------ Source data

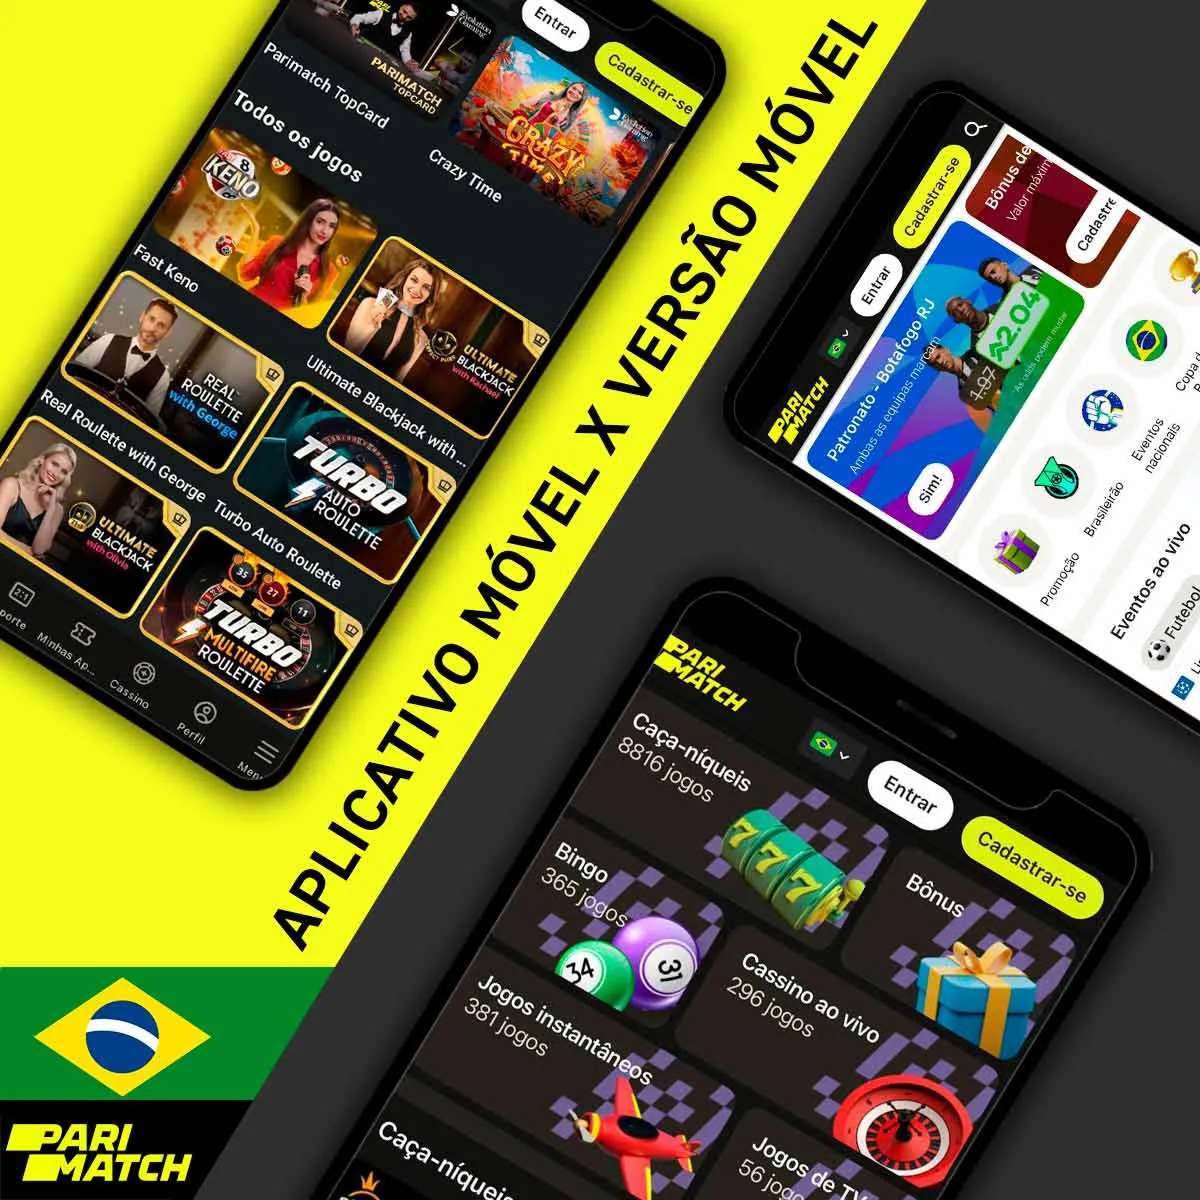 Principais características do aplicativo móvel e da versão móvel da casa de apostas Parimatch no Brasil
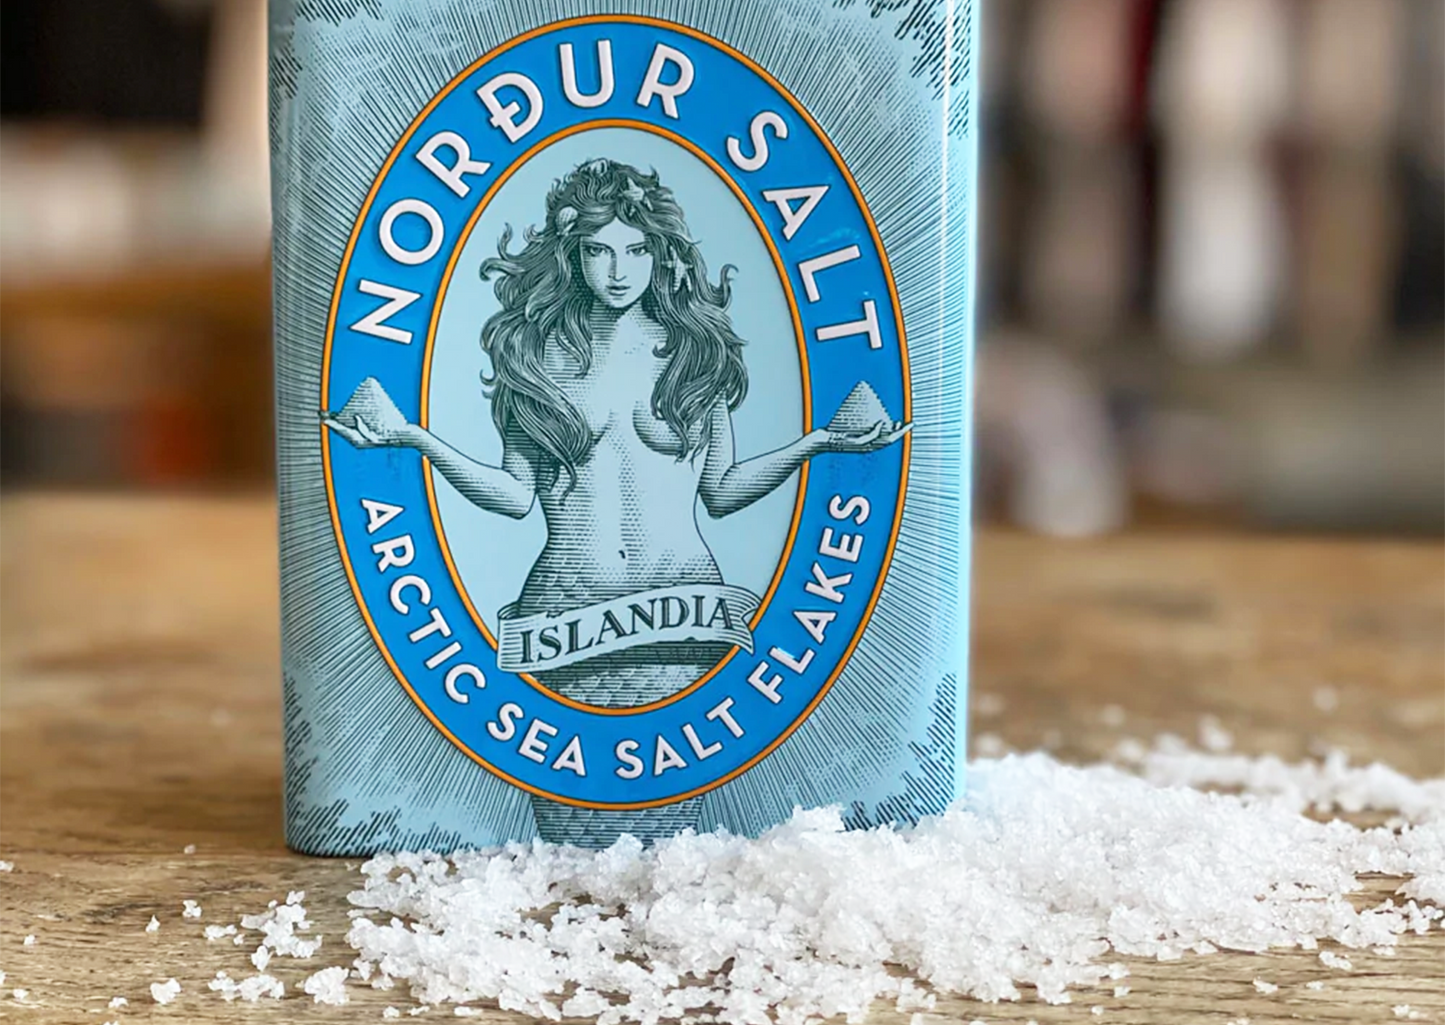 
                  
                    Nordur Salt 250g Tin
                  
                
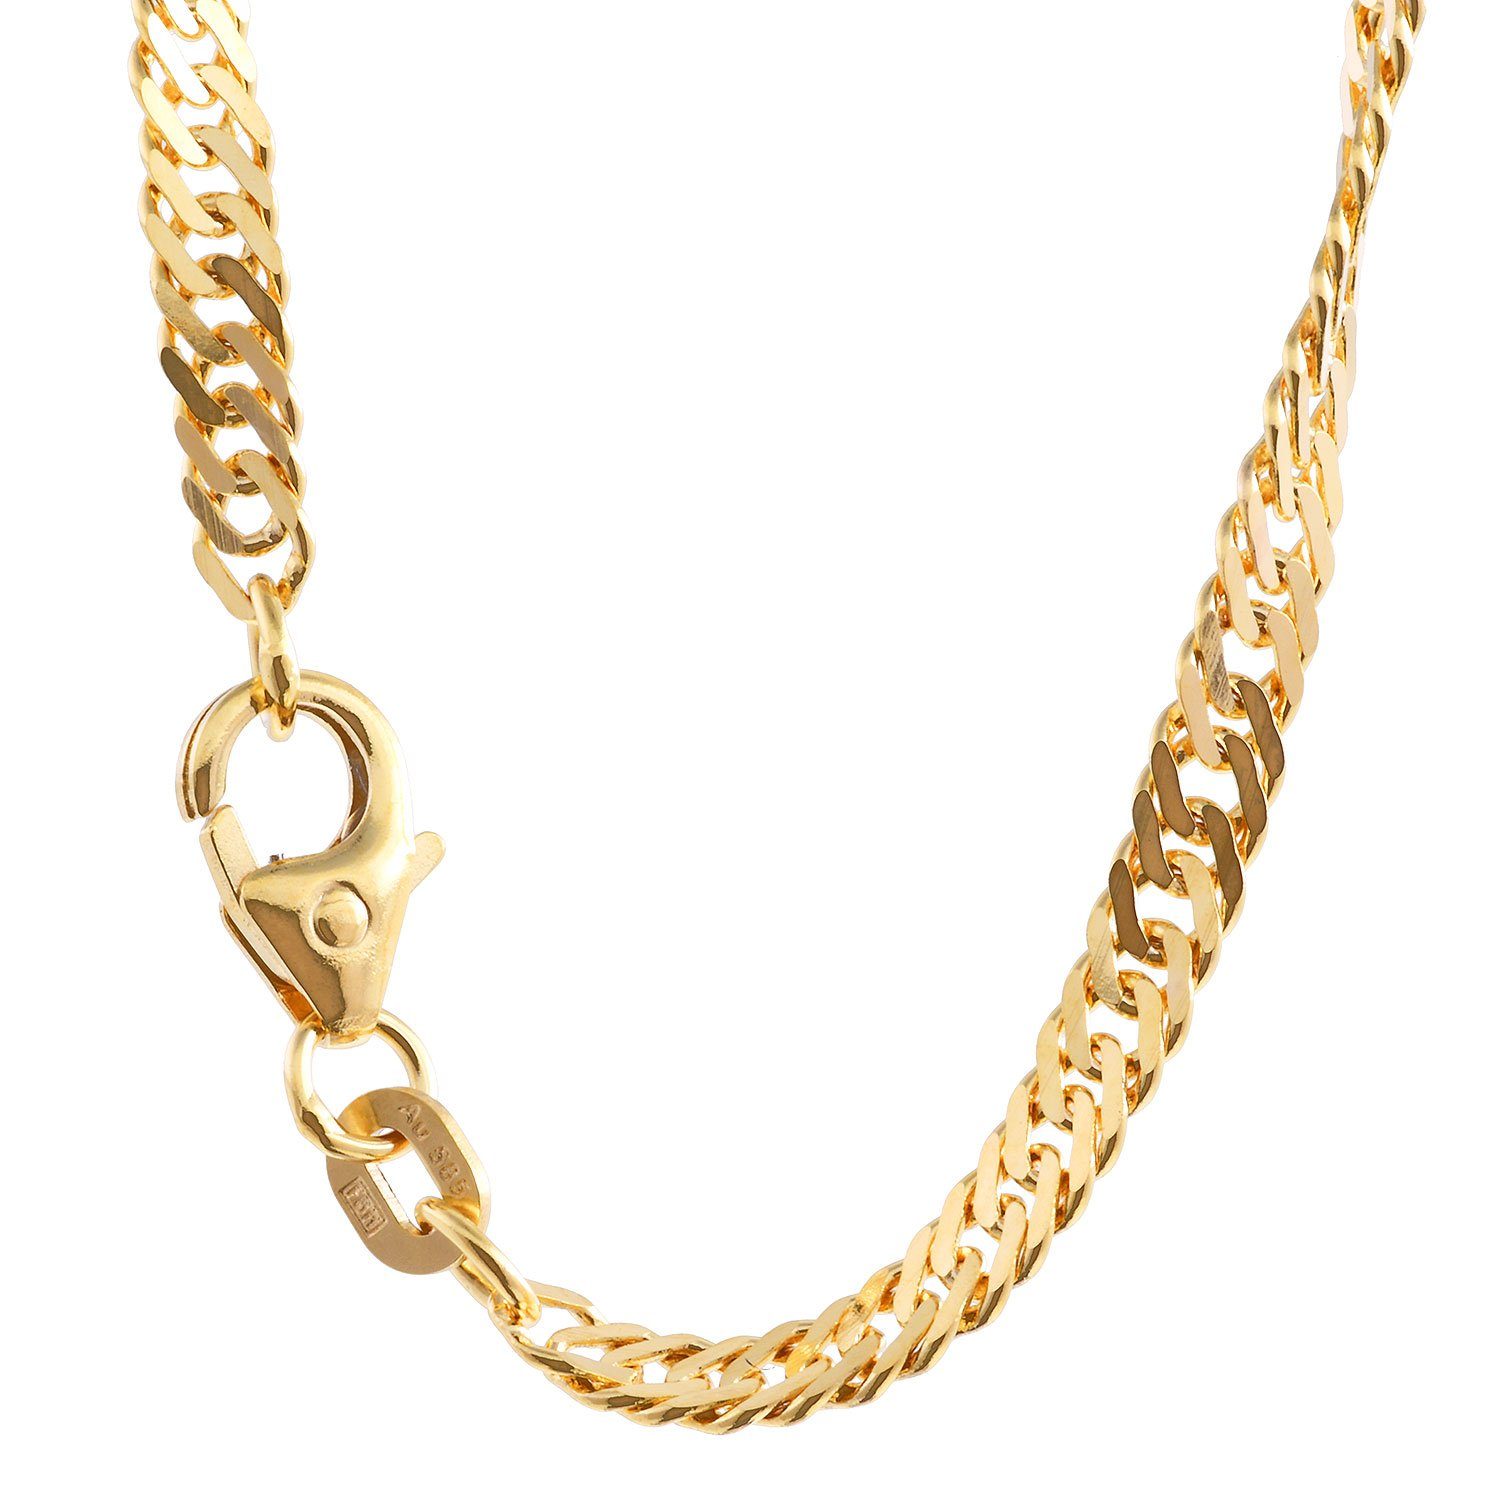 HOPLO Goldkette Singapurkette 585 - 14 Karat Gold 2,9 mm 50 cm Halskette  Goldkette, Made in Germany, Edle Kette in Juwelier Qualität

------------

### Activity
Word for word, output the whole listing, but not its pictures.

### Final answer
 Principais características do aplicativo móvel e da versão móvel da casa de apostas Parimatch no Brasil
                  
                    Nordur Salt 250g Tin
                  
                
 HOPLO Goldkette Singapurkette 585 - 14 Karat Gold 2,9 mm 50 cm Halskette  Goldkette, Made in Germany, Edle Kette in Juwelier Qualität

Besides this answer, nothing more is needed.